Network Identification with Latent Nodes via Auto-Regressive Models
For control and network science researchers, this provides a theoretically grounded method to identify direct vs. mediated interactions in networks with unknown latent nodes, though the results are limited to linear time-invariant systems and specific latent structures.
The paper addresses network identification in linear time-invariant systems with latent nodes, showing that the manifest transfer function can be approximated arbitrarily well by an auto-regressive model using least-squares estimation, with exponentially decaying H-infinity error beyond a threshold model order. Perfect identification is achieved for acyclic latent subnetworks as data length increases.
We consider linear time-invariant networks with unknown topology where only a manifest subset of the nodes can be directly actuated and measured while the state of the remaining latent nodes and their number are unknown. Our goal is to identify the transfer function of the manifest subnetwork and determine whether interactions between manifest nodes are direct or mediated by latent nodes. We show that, if there are no inputs to the latent nodes, the manifest transfer function can be approximated arbitrarily well in the H-infinity norm sense by the transfer function of an auto-regressive model and present a least-squares estimation method to construct the auto-regressive model from measured data.

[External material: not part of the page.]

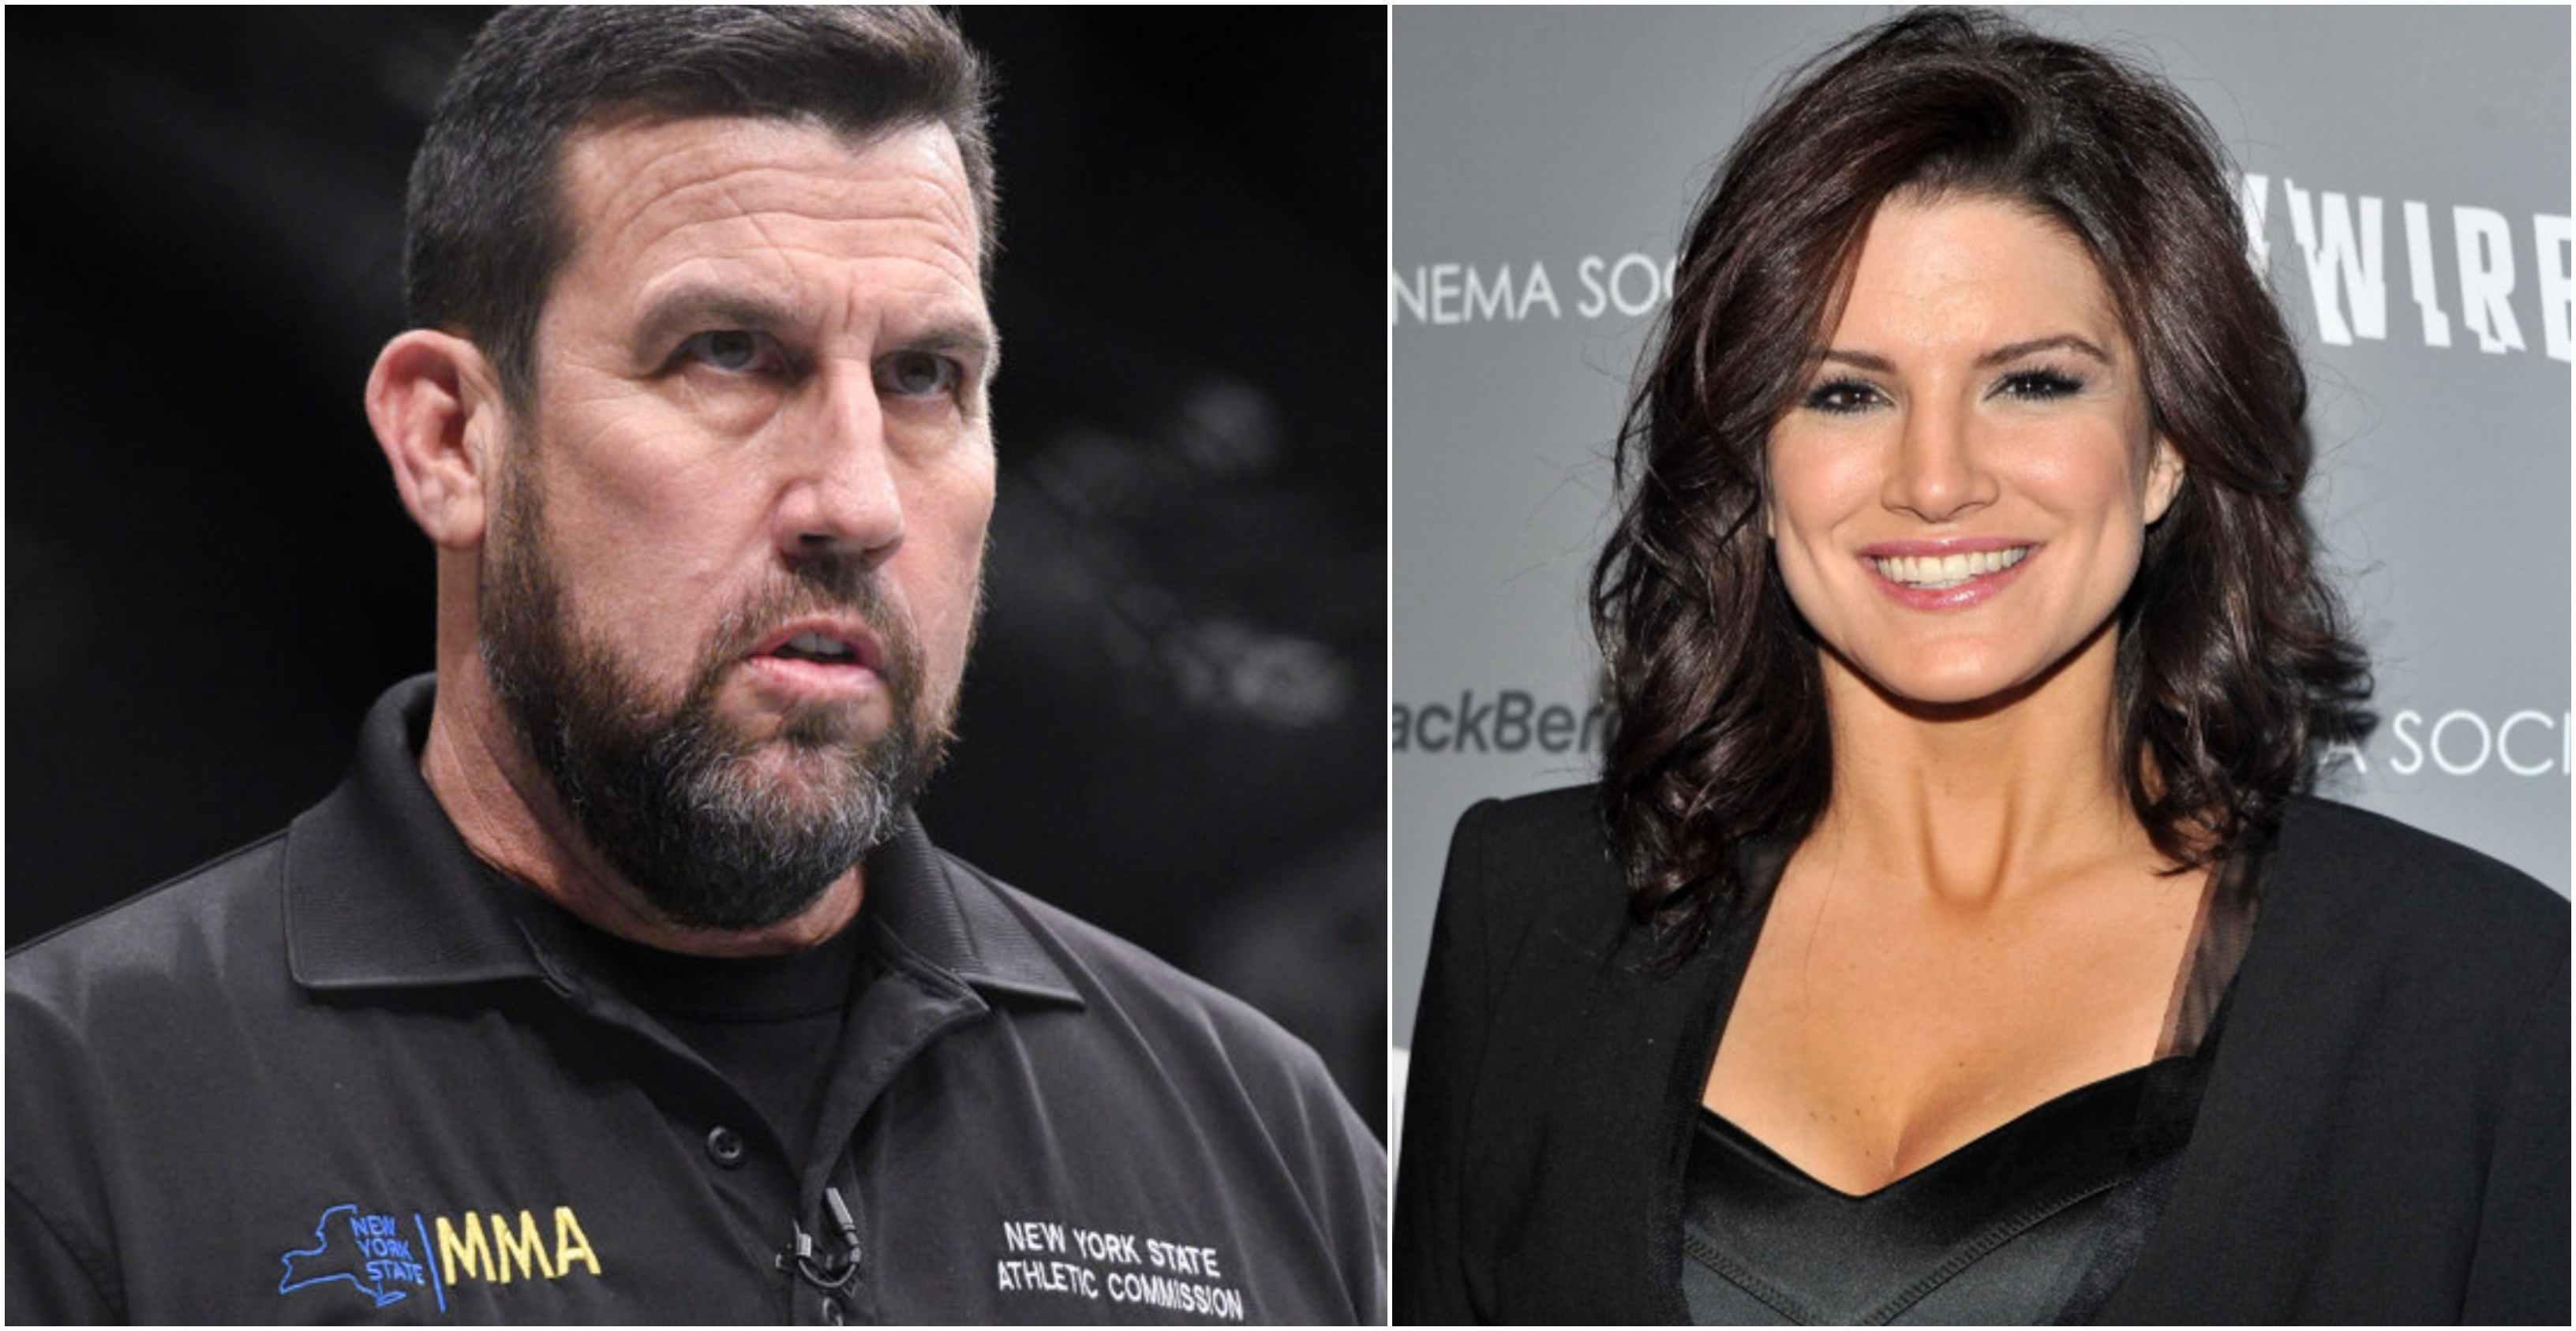 Big John McCarthy defends Gina Carano, says she didn't deserve abuse from Dana White - Gina

We show that the least-squares auto-regressive method guarantees an arbitrarily small H-infinity norm error in the approximation of the manifest transfer function, exponentially decaying once the model order exceeds a certain threshold. Finally, we show that when the latent subnetwork is acyclic, the proposed method achieves perfect identification of the manifest transfer function above a specific model order as the length of the data increases. Various examples illustrate our results.